**DATASET**
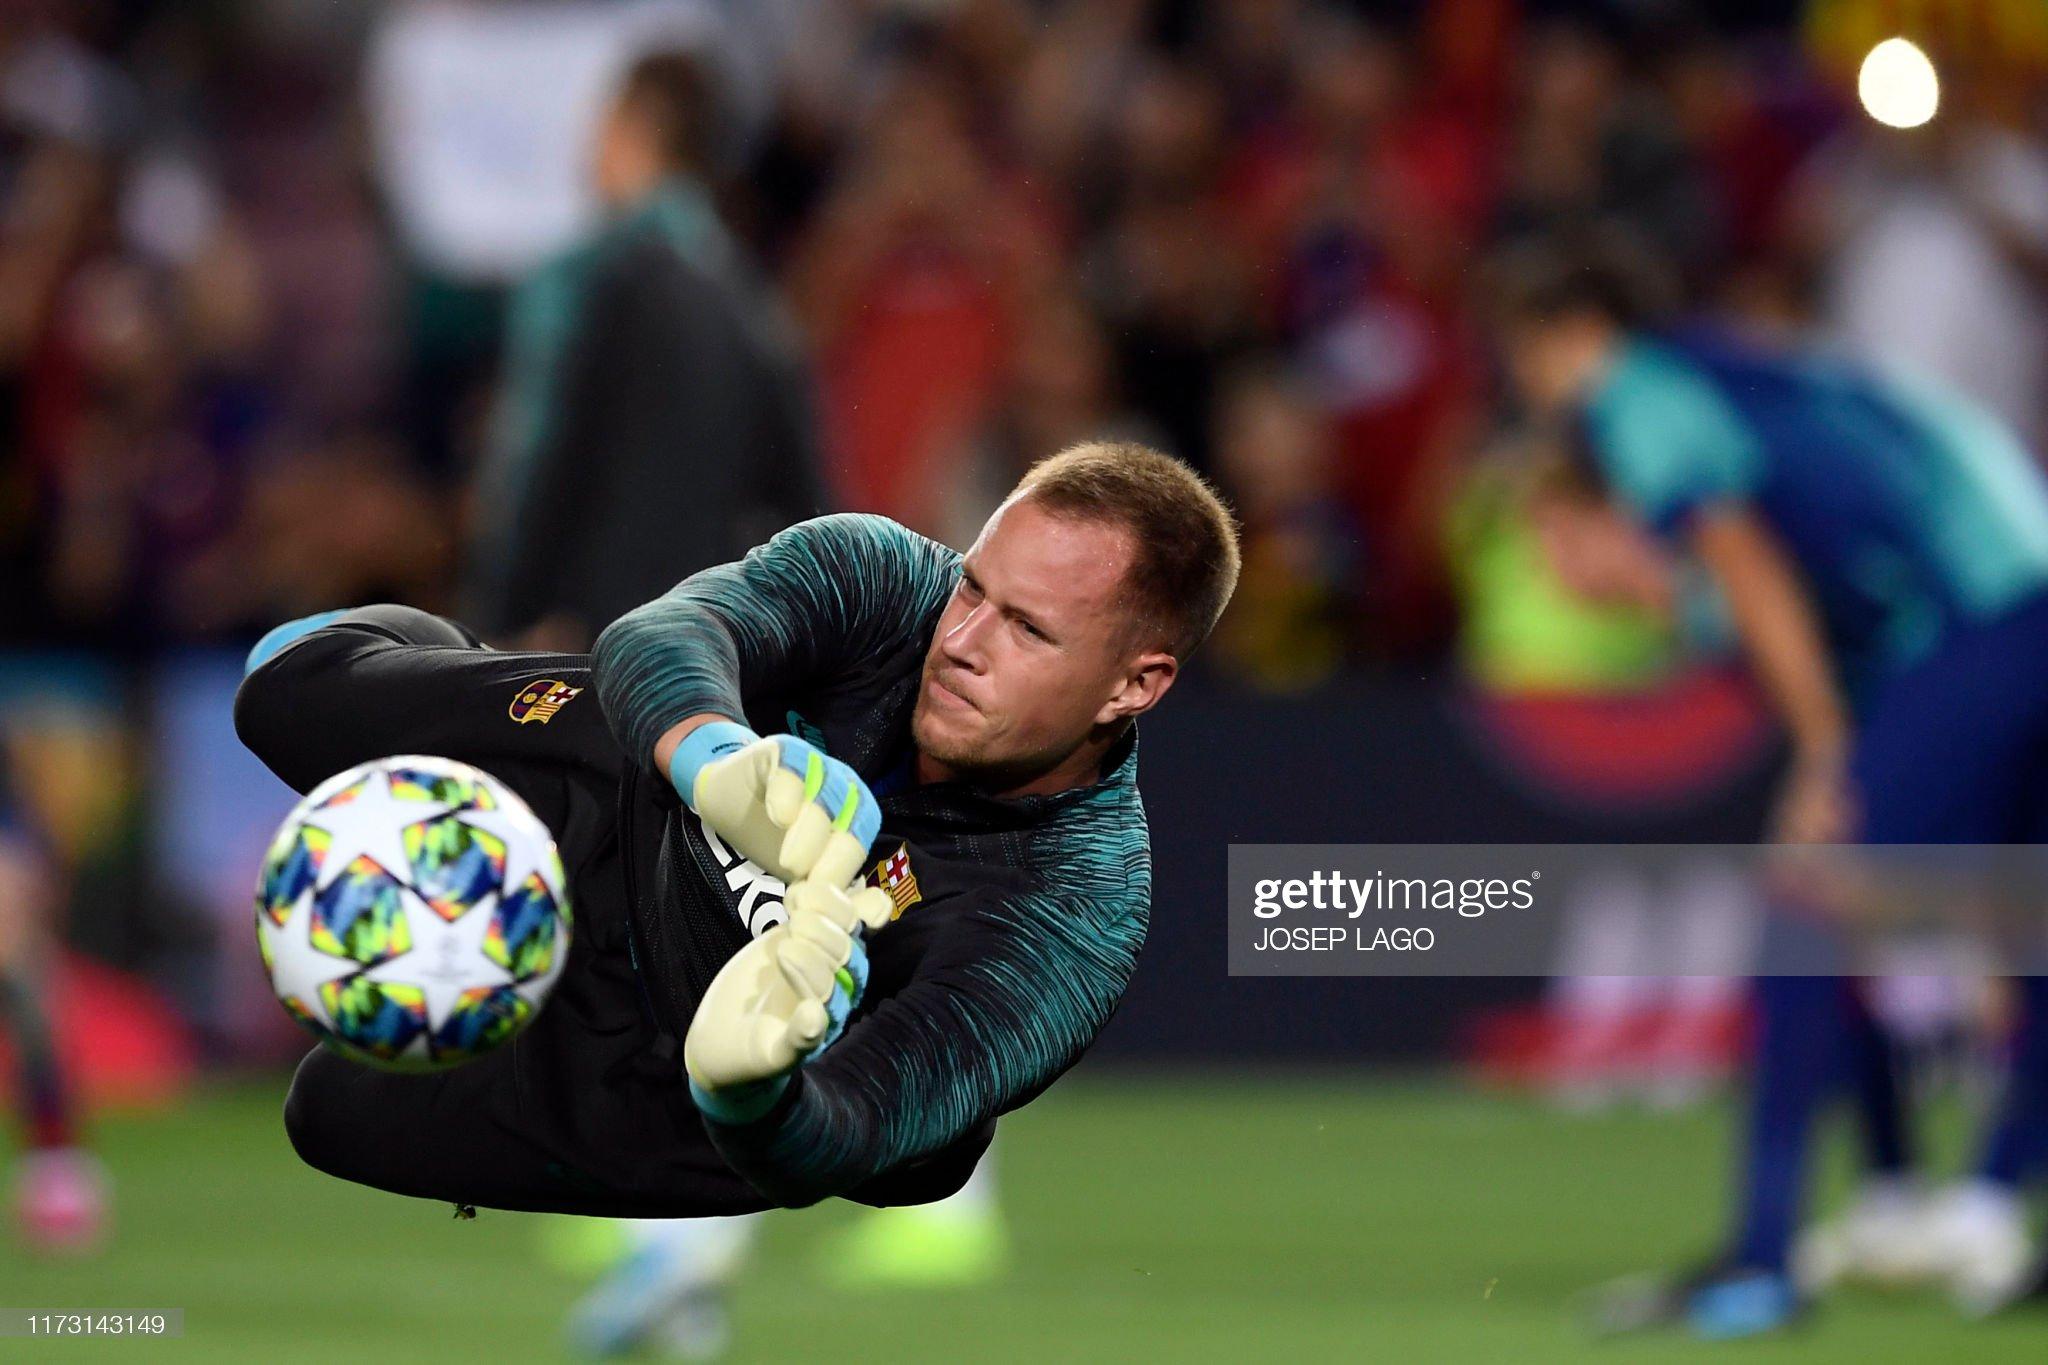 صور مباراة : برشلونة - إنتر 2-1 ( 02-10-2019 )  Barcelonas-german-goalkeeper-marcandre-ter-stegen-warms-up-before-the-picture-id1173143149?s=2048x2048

--

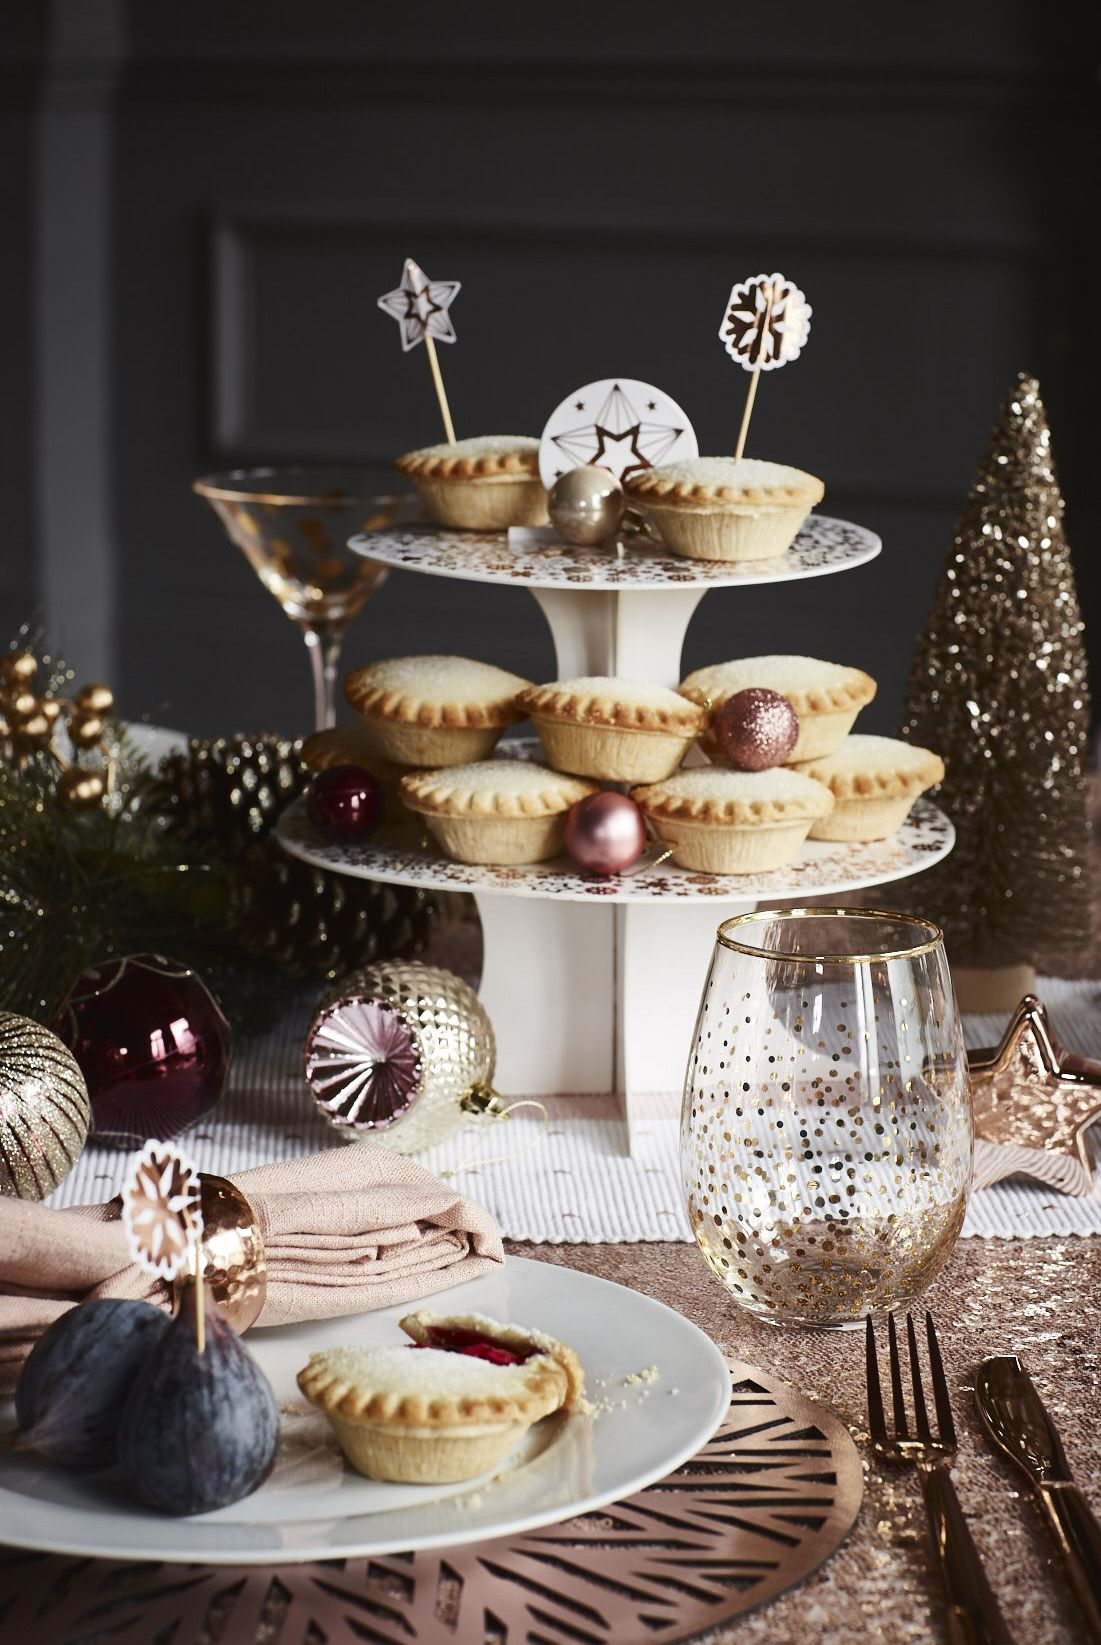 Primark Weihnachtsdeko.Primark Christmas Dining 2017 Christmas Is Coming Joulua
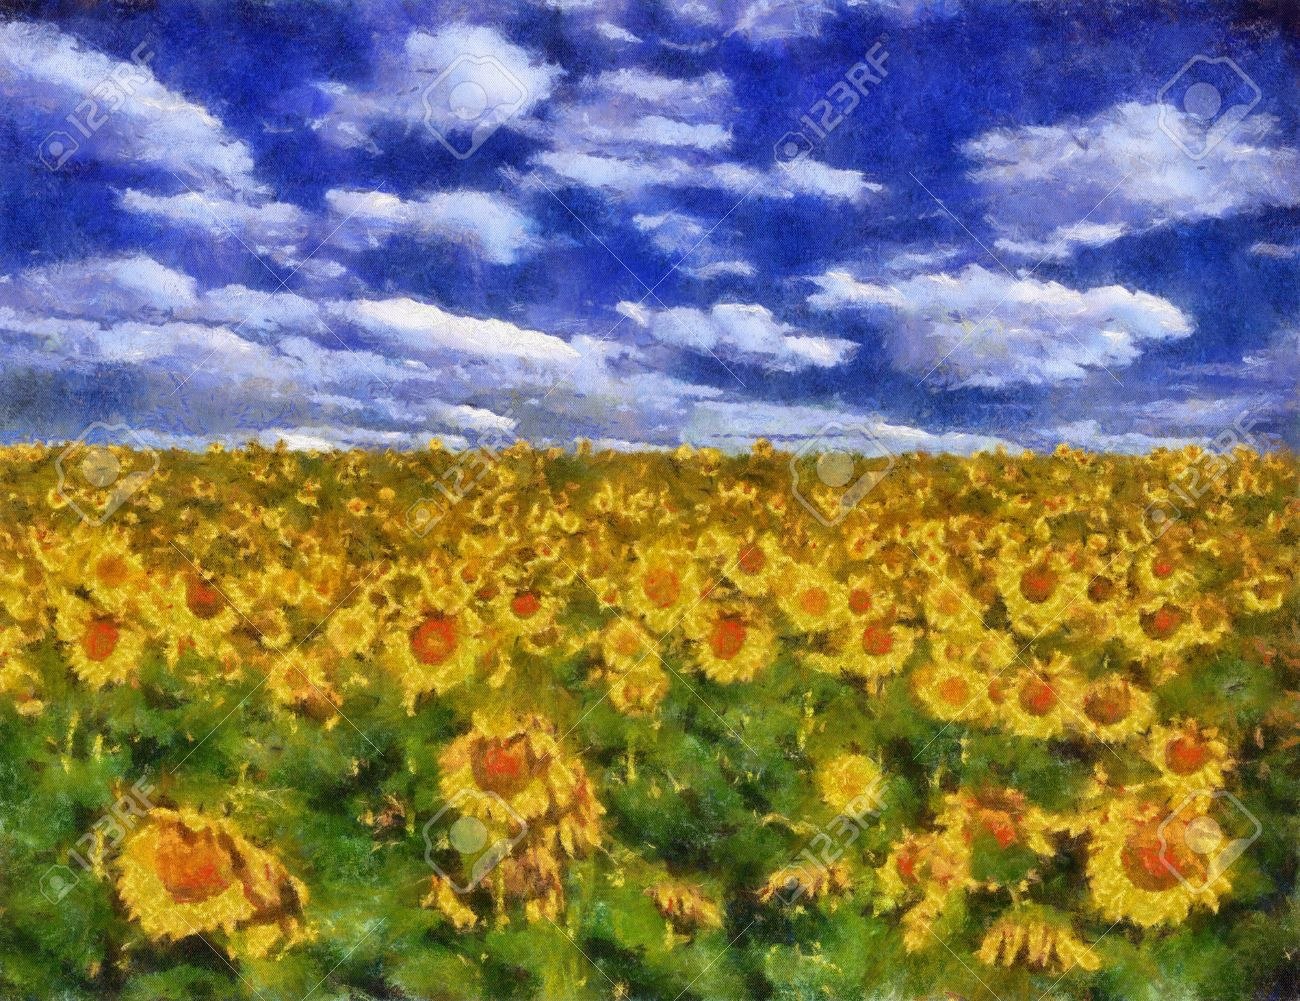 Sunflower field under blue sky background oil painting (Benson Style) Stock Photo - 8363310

**REQUIRED WORK**
A clean copy is needed of the lines above from the one with "Primark Weihnachtsdeko.Primark Christmas" up to and including the one with "Sunflower field under". Please set it down exactly, with no pictures.

**OUTPUT OF THE TASK**
 Primark Weihnachtsdeko.Primark Christmas Dining 2017 Christmas Is Coming Joulua
 Sunflower field under blue sky background oil painting (Benson Style) Stock Photo - 8363310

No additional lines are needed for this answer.